Access provided by Autonomous University of Puebla. Download chapter PDF
Similar content being viewed by others
Keywords
- Partial Differential Equation
- Bilateral Filter
- Canny Edge Detector
- Gradient Domain
- Line Integral Convolution
These keywords were added by machine and not by the authors. This process is experimental and the keywords may be updated as the learning algorithm improves.
1 Introduction
Digital image processing is a mature field providing a solid foundation for building artistic rendering algorithms. All image-based artistic rendering (IB-AR) approaches utilize image processing operations in some form to extract information or synthesize results. For instance, classical stroke-based rendering utilizes the image gradient for stroke placement. Nevertheless, few of the filters proposed for image processing are suitable in their original form, probably because in image processing, one is often concerned with the restoration and recovery of photorealistic imagery. By contrast, IB-AR generally aims for strong modification and simplification. As a result, researchers have often proposed specialized and adapted forms of existing techniques.

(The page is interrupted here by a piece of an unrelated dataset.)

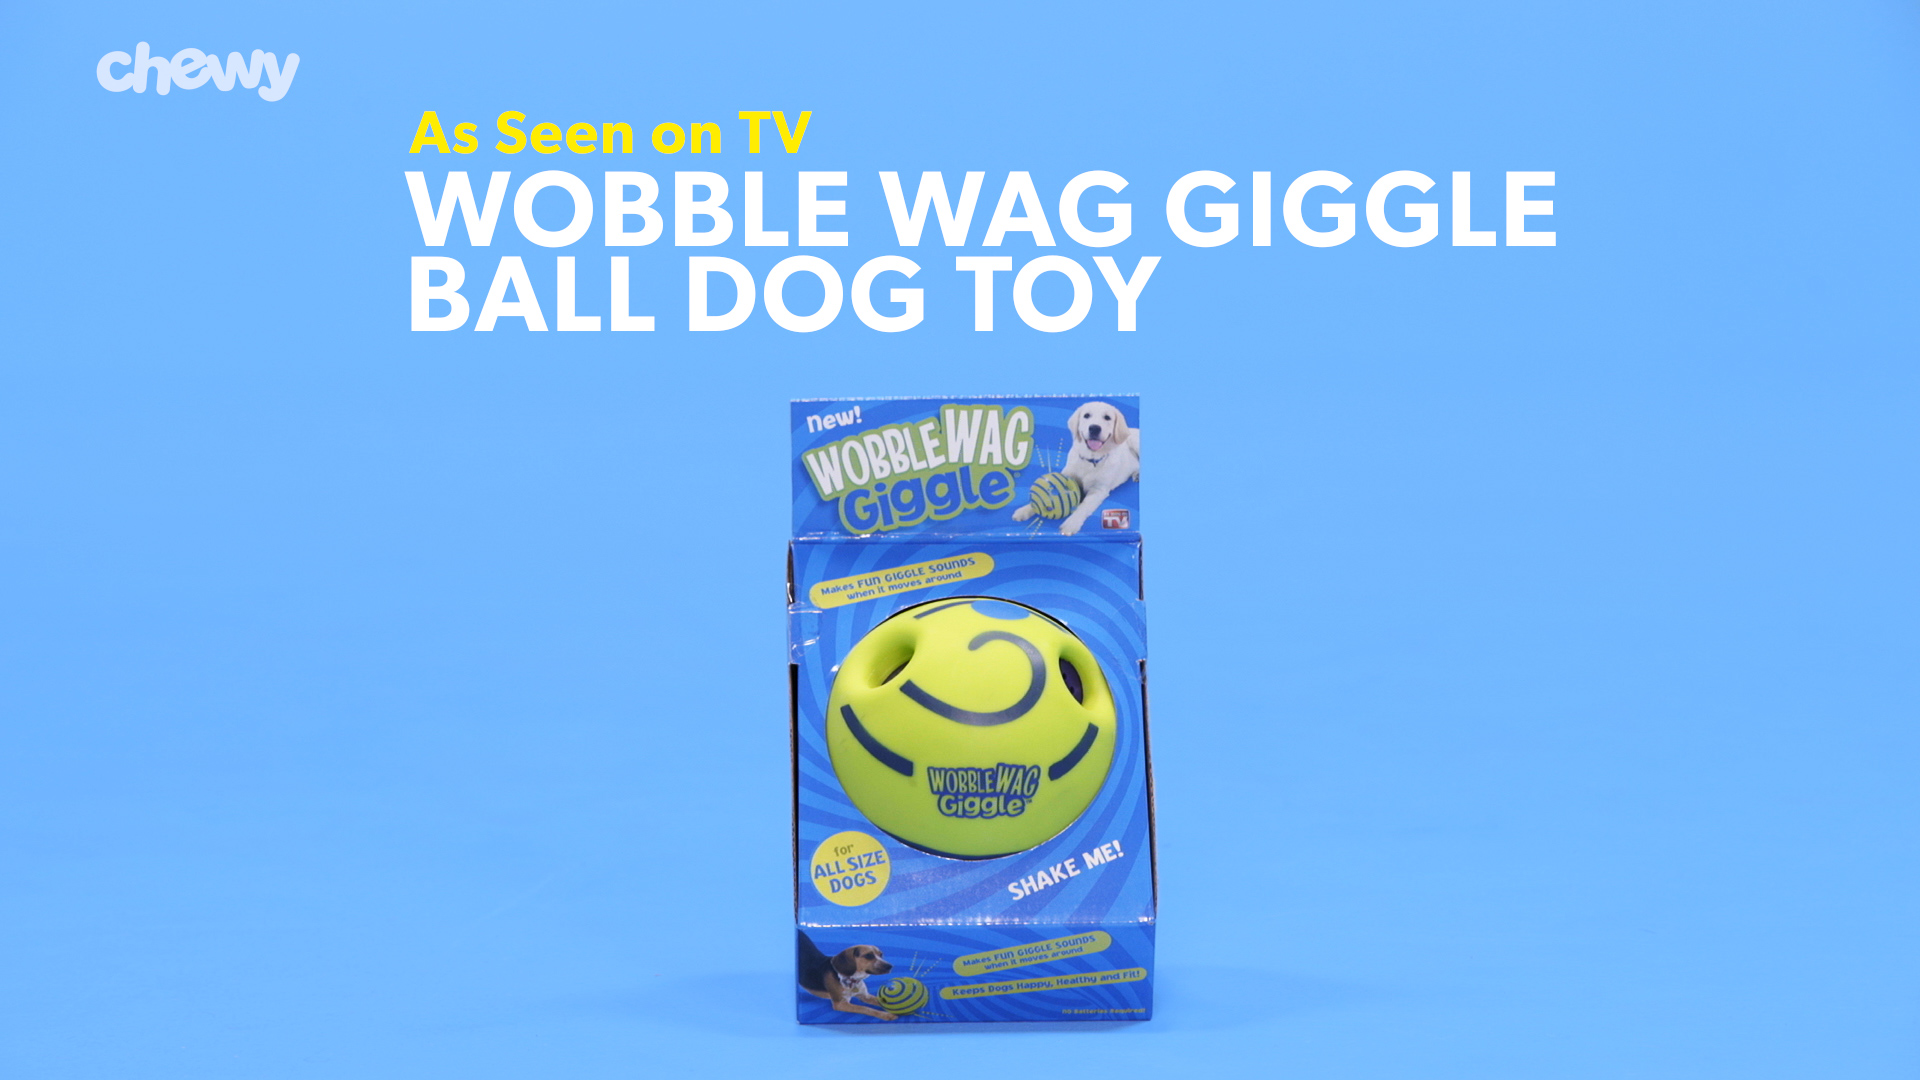 wiggly giggly dog toy

This chapter surveys a selection of nonlinear image processing algorithms that have been found to produce particularly interesting results. These techniques have in common that they perform some kind of edge-preserving simplification, often in combination with edge enhancement. In general, such an operation cannot be achieved by convolution filters, since these are fully determined by their impulse responses (i.e., applying a linear shift-invariant filter is equivalent to a convolution with the point spread function). By contrast, operations that preserve or selectively enhance edges must be guided by local (or even global) decisions based on the input source, leading directly to nonlinear operations that are not shift-invariant. Figure 5.1 illustrates a few examples of the techniques discussed in this chapter.
In contrast to approaches that emulate a specific artistic style, the techniques described here are based on heuristics developed through hands-on experience, showing that certain combinations of filters produce an artistic look. In some cases, the results obtained can be related to traditional styles such as cartoons, pen-and-ink illustrations, or watercolor paintings. In other cases, however, the connection is less obvious. The artistic look is thereby often achieved or further reinforced by taking the local image structure into account. Directional features and flow-like structures are considered pleasant, harmonic, or at least interesting by most humans [56]. They are also a highly sought after property in many of the traditional art forms, such as paintings and illustrations. Enhancing directional coherence in the image helps to clarify region boundaries and features. As exemplified by Expressionism, it also helps to evoke mood or ideas and even elicit emotional response from the viewer [58]. Particular examples include van Gogh and Munch, who have emphasized these features in their paintings.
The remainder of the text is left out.